Just as the title says really and I’m really struggling with the guilt tripping and comments, wether my partner is meaning to do it or not.
Back story- have been with partner for two years, he has two children from previous relationship ( ages 7 and 5 ) I have one child who is 13. We do not live together. He has a 50/50 set up for the children. We both have the same child free weekends ( EOW)

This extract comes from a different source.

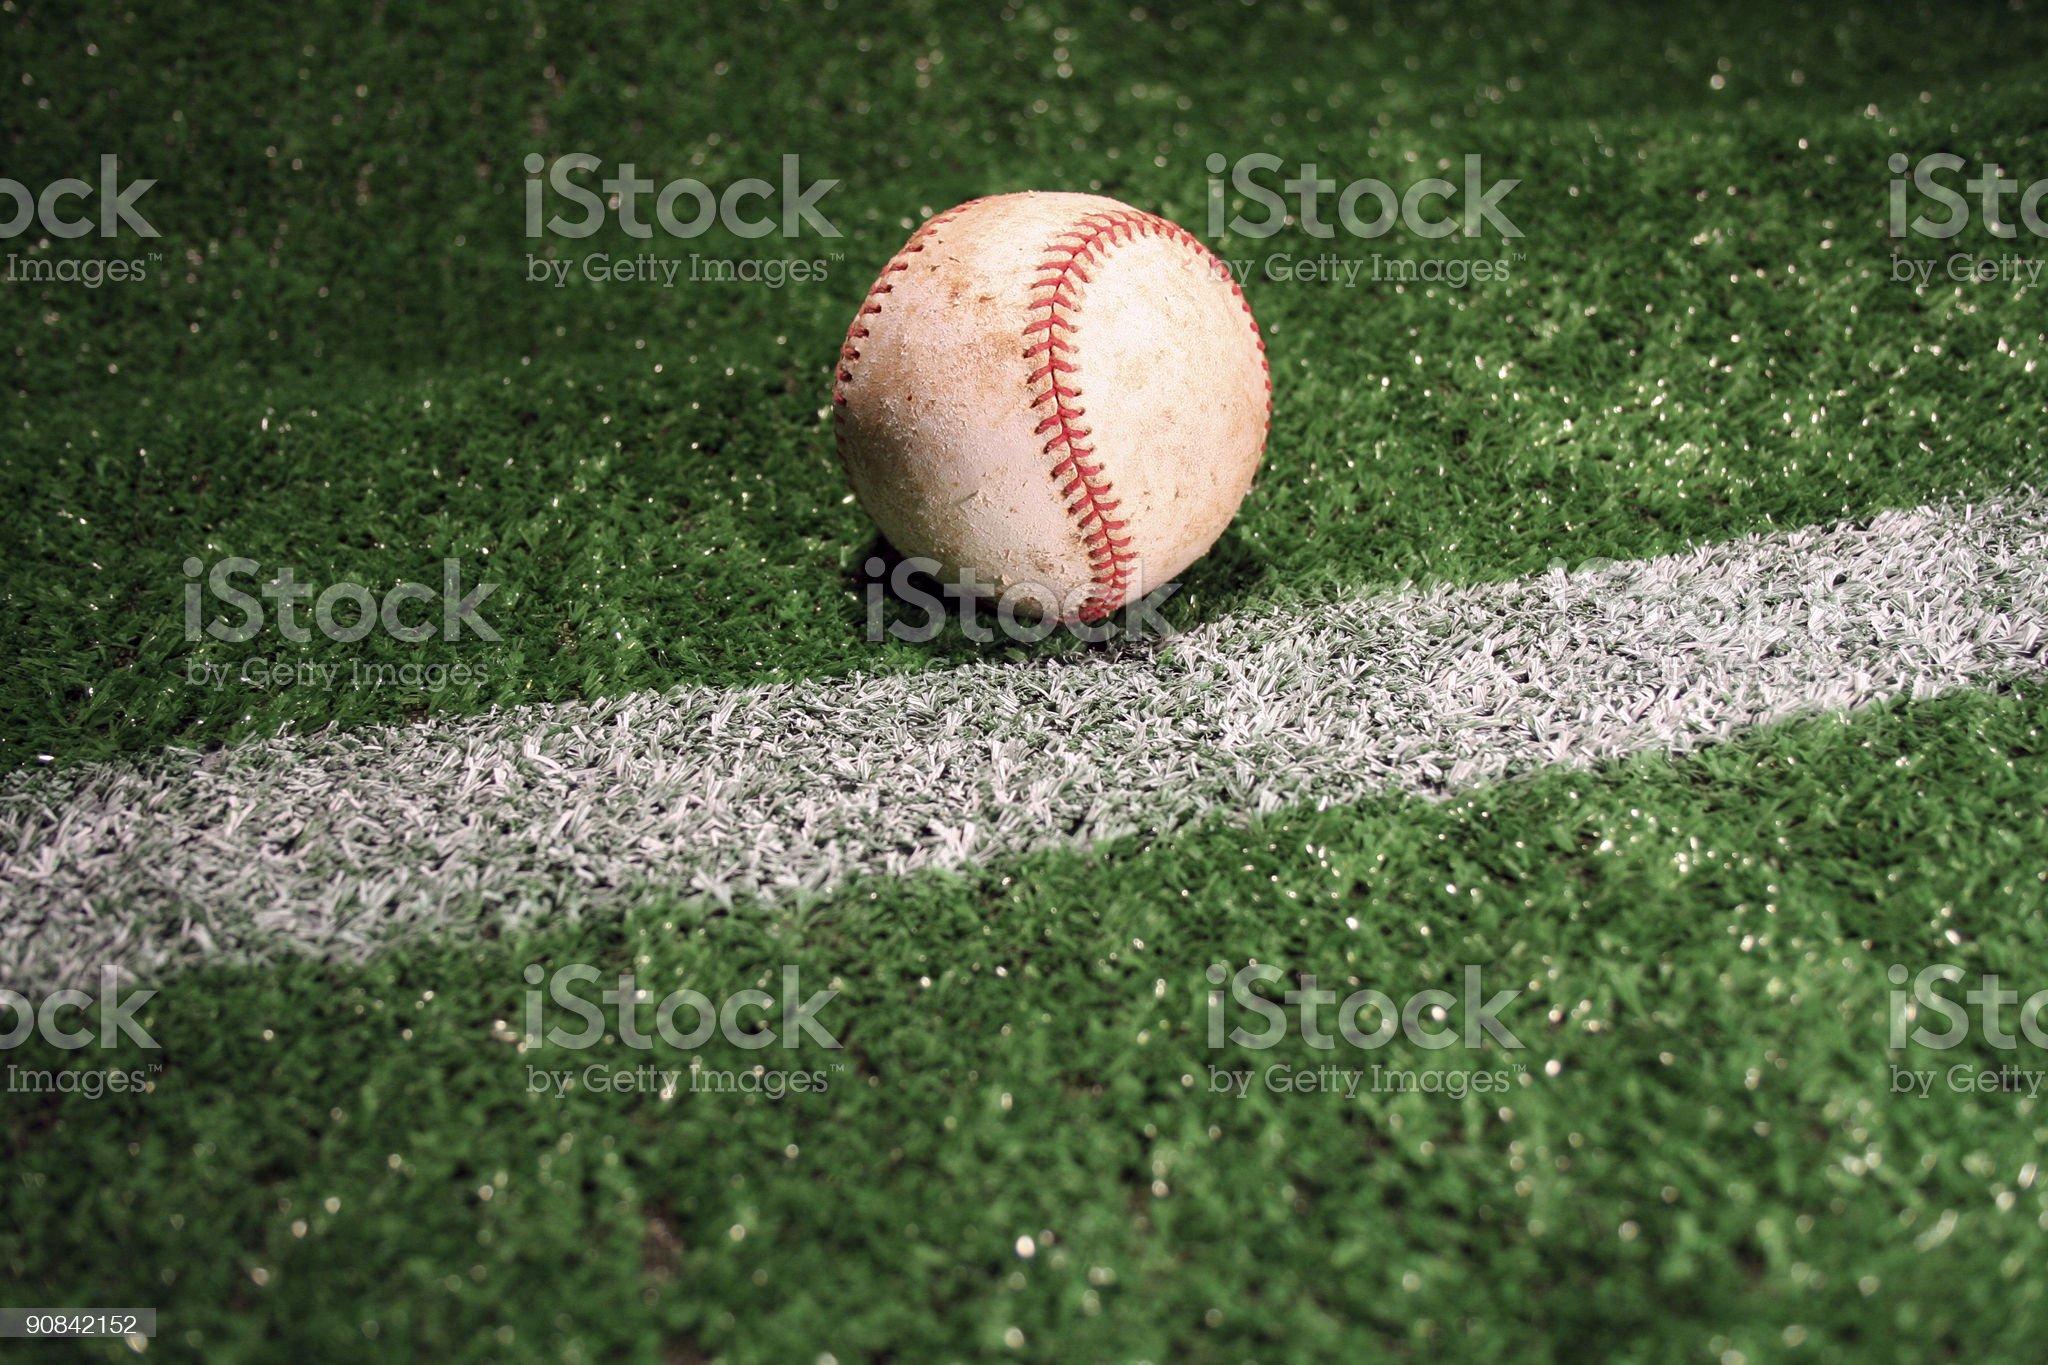 foul ball royalty-free stock photo

I adore his children, I give them lots of love, attention, we play, we have lots of laughs etc, they are lovely but can be ‘alot’ at times compared to other children their age. Or maybe I am just not used to looking after small children anymore and my patience and tolerance is less these days compared to when my own child was that age. Or maybe it’s because they aren’t my children? I don’t know…I ask myself these questions alot as I some times dread time spent with them because it’s so full on. And they don’t sleep very well on a night, so when we all have weekends together ( at my partners house as they have their own rooms there and so does my child) ( my house isn’t big enough) I sometimes feel exhausted by the end of it.
So….sometimes I want to stay at home on one of the nights that it is our weekend for our children and then see them the next day and do something nice together or just all be chilling out, cooking etc. I really really value my own space and my own ‘me time’ I also believe they need that quality one on one time with their dad, Just as I like to have my one on one time with my child.
But my partner is constantly doing the guilt tripping thing, if I say I’m going to stay at home on the Friday and see them all on the Saturday, it’s always an issue but he’ll do it in a way where he’ll twist things massively. He’ll say ‘well the kids haven’t seen you’ or ‘i thought you’d of just stayed here’ or he’ll say ‘ I think it’s just cos you wanna be at home in the peace you never really want to stay over when the kids are here’ or ‘they keep asking about you I think they miss you’
When I don’t give in and stick with what I want to do, I get the silent treatment or it will become the unnecessary huge issue that it doesn’t need to be over the next few days..
And it makes me feel like an awful person, but I have to remind myself that I am not their mother, they have one already, but I feel this pressure on me all the time from him which I don’t think is fair.
If I bring this up when it’s bothering me he’ll say things like he didn’t mean it like that when I know that he does and it just goes round in circles resulting in me feeling like I’m over thinking everything because he plays it all down when I bring it up to him. It’s just making me feel very confused.
I know there will be some people who say well you knew he had children. Yes I did, but I didn’t think that meant I had to be made to feel awful that I don’t want to spend the whole time with them when they are with him. And you never know what it’s going to be like when you are in a relationship with children involved until you are actually in it.
Anyway I don’t even know what I’m asking advice on here, I just needed to get it off my chest and out of my head.